No dia 3 de junho vai acontecer a 22ª Parada do Orgulho LGBT em São Paulo. O tema desse ano será as eleições, com o slogan: “Poder pra LGBTI, Nosso voto, Nossa voz”. No site da APOLGBT (a ONG que organiza a Parada), está colocado a justificativa da escolha do eixo:

“Sim, nós podemos. Pois temos o poder nas nossas mãos; o nosso voto. Neste ano, ele será nossa voz, nossa arma e nosso trunfo. Precisamos nos empoderar das urnas e dos nossos direitos conquistados para elegermos presidente, governadores, deputados estaduais, deputados federais e senadores que nos enxerguem como cidadãs e cidadãos e nos representem, sejam eles e elas LGBTI+ ou não. Pois estamos vivendo um momento em que é imprescindível nos colocarmos contra um discurso cheio de preconceitos e ódio, utilizado por políticos mal intencionados. ”

Muitas vezes nós escutamos que devemos votar em candidatos LGBT’s, negros ou mulheres, pois dessa forma conquistaremos mais políticas e talvez até nossa libertação pelas eleições, que a saída para a maioria dos nossos problemas está em votarmos de forma consciente. Gostaríamos de fazer uma discussão aqui de que a saída para nossa real libertação não está nas urnas, mas na luta independente.

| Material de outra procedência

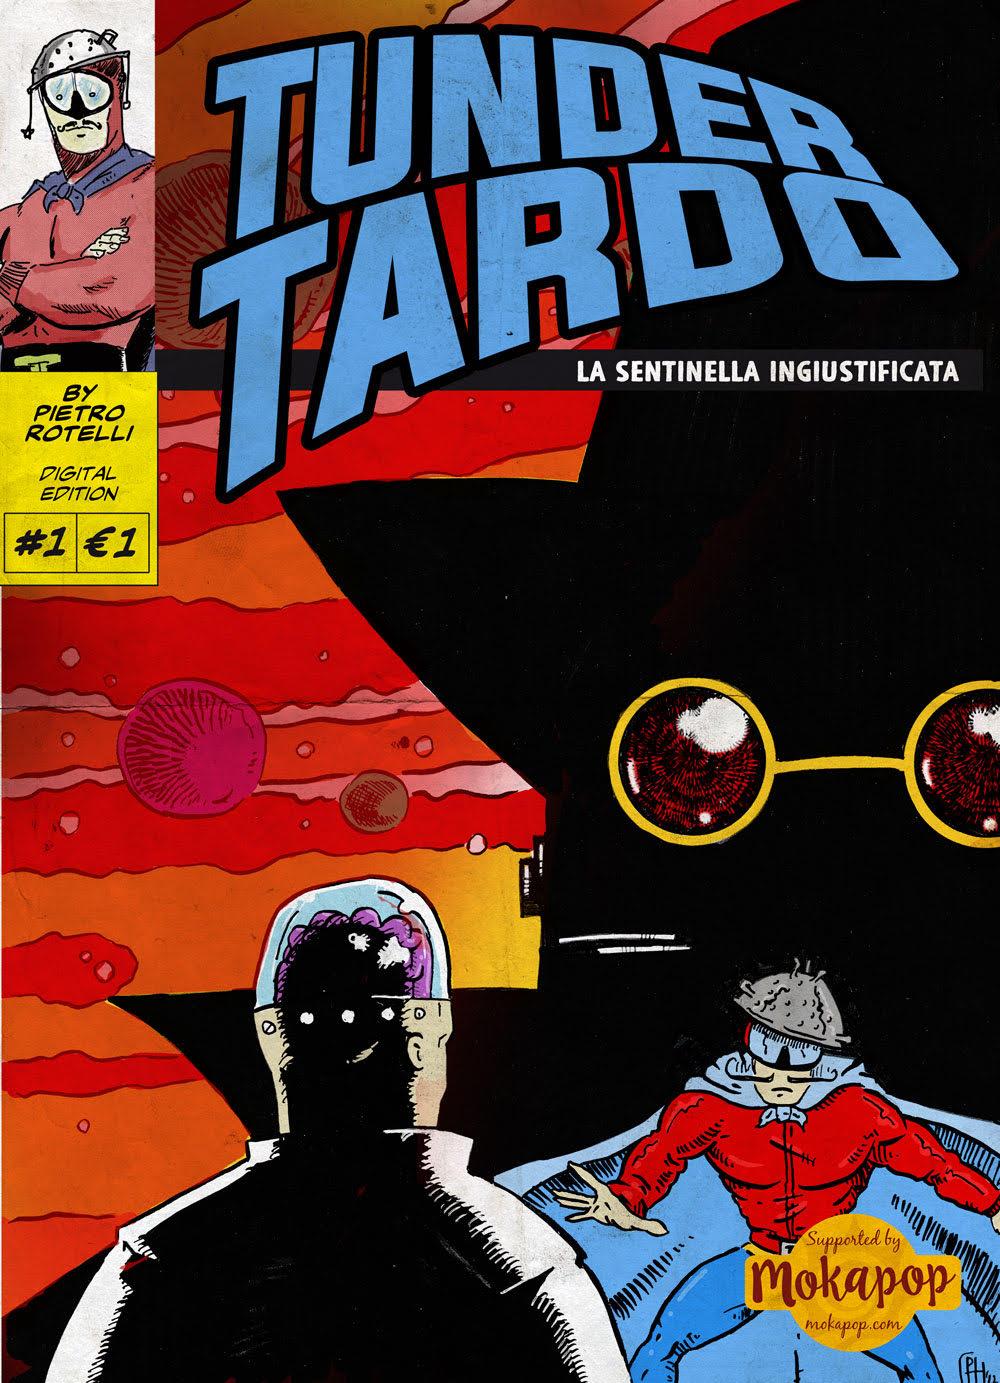 Fumetti: Tunder Tardo debutta all'ARF, supported by Mokapop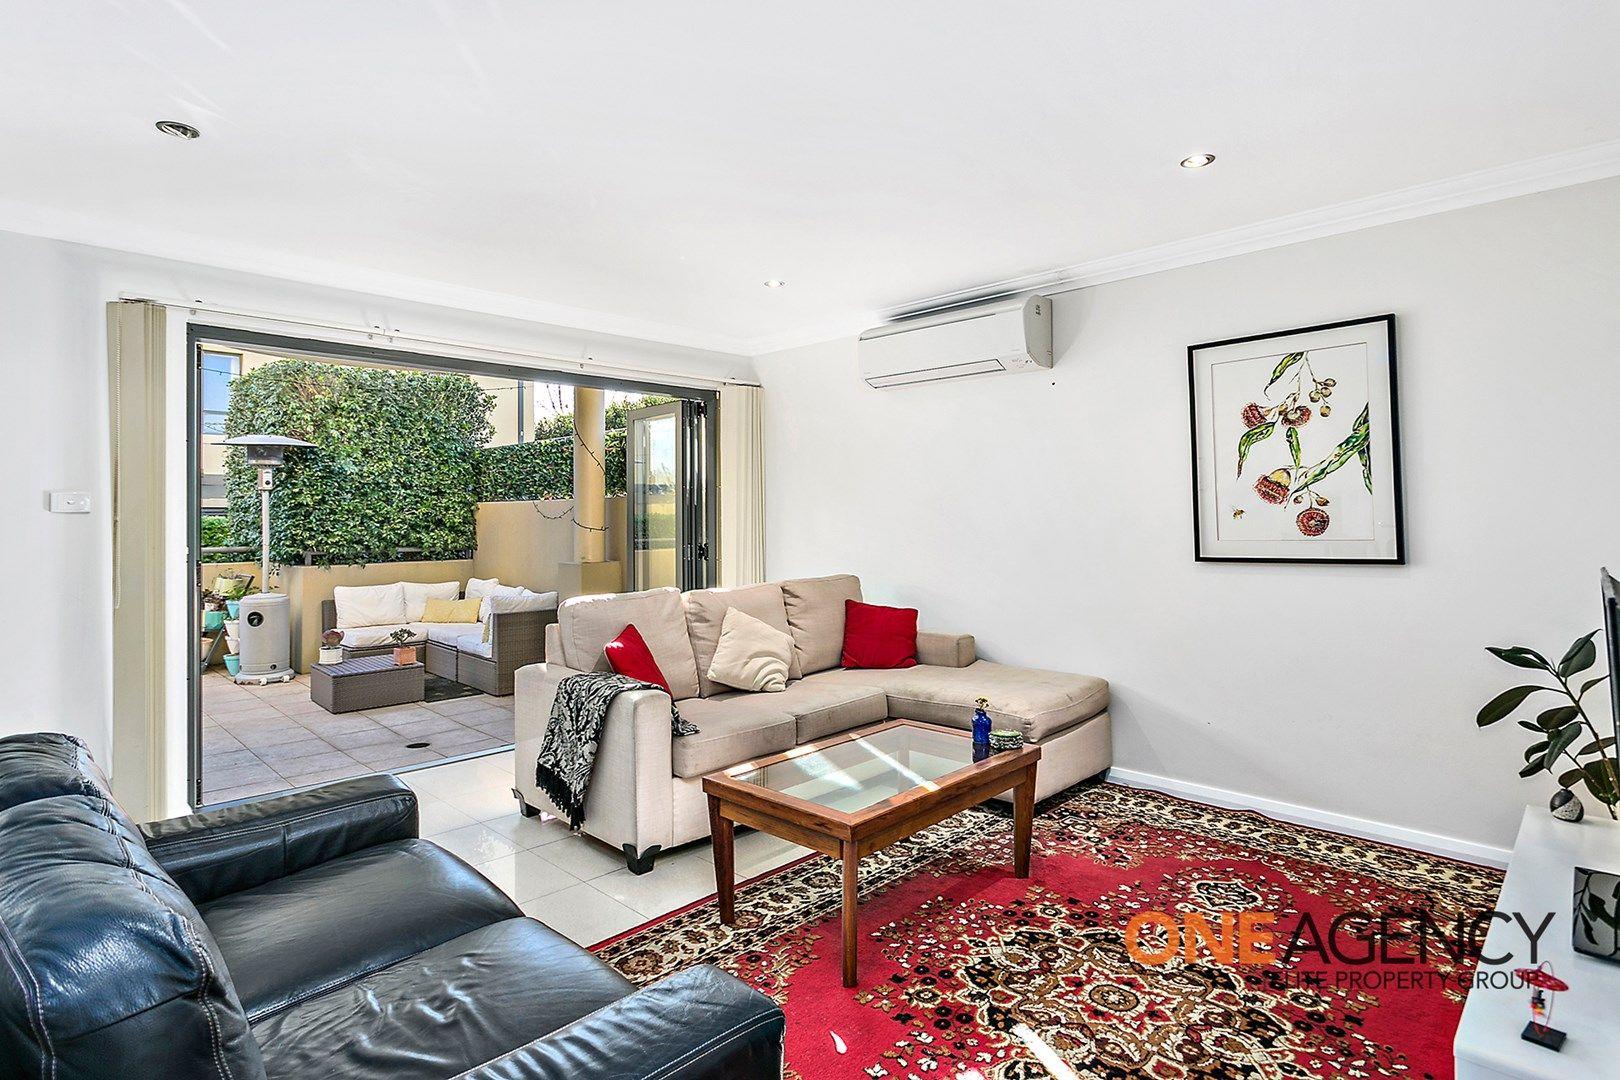 43 71-83 Smith Street, Wollongong NSW 2500, Image 0

A democracia que vivemos hoje é uma democracia que serve aos ricos e donos de empresas. As eleições são parte disso, por dois motivos. Em primeiro lugar porque é um jogo de cartas marcadas, com regras antidemocráticas; aparece mais para o povo nas campanhas e propagandas e ganha mais votos aqueles candidatos que recebem mais financiamento de empresas, ou seja, aqueles que mais se comprometem em aplicar o projeto dos empresários quando ganharem (é aquela velha frase: quem paga a banda escolhe a música). Em segundo lugar, porque todos que são eleitos são submissos à vontade dos banqueiros, burgueses e imperialistas.

Por exemplo, em São Paulo, o ex-prefeito Dória cortou mil linhas de ônibus, queria aplicar uma reforma da Previdência para os funcionários públicos, cortou o passe-livre estudantil, etc. Os trabalhadores eram a favor disso? Não! E o Dória perguntou à população se queriam essas reformas? Não! Além disso, Dória falou na campanha eleitoral que ia cortar do transporte, da educação, da Previdência, da saúde? Também não! Tentam passar para nós a ideia de que podemos mudar nosso destino pelo voto, mas na verdade não é bem assim. A cada quatro anos estamos escolhendo quem vai nos explorar. Muitos trabalhadores já percebem isso e perdem as esperanças nesse processo furado, não é à toa que Dória perdeu para nulos, brancos e abstenções.

Com as LGBT’s não é diferente. Todos os anos eleitorais vemos propagandas falando em defesa do casamento homoafetivo, pela criminalização da LGBTfobia, entre outros, mas quando chega na hora nossos direitos são vendidos e usados como moeda de troca.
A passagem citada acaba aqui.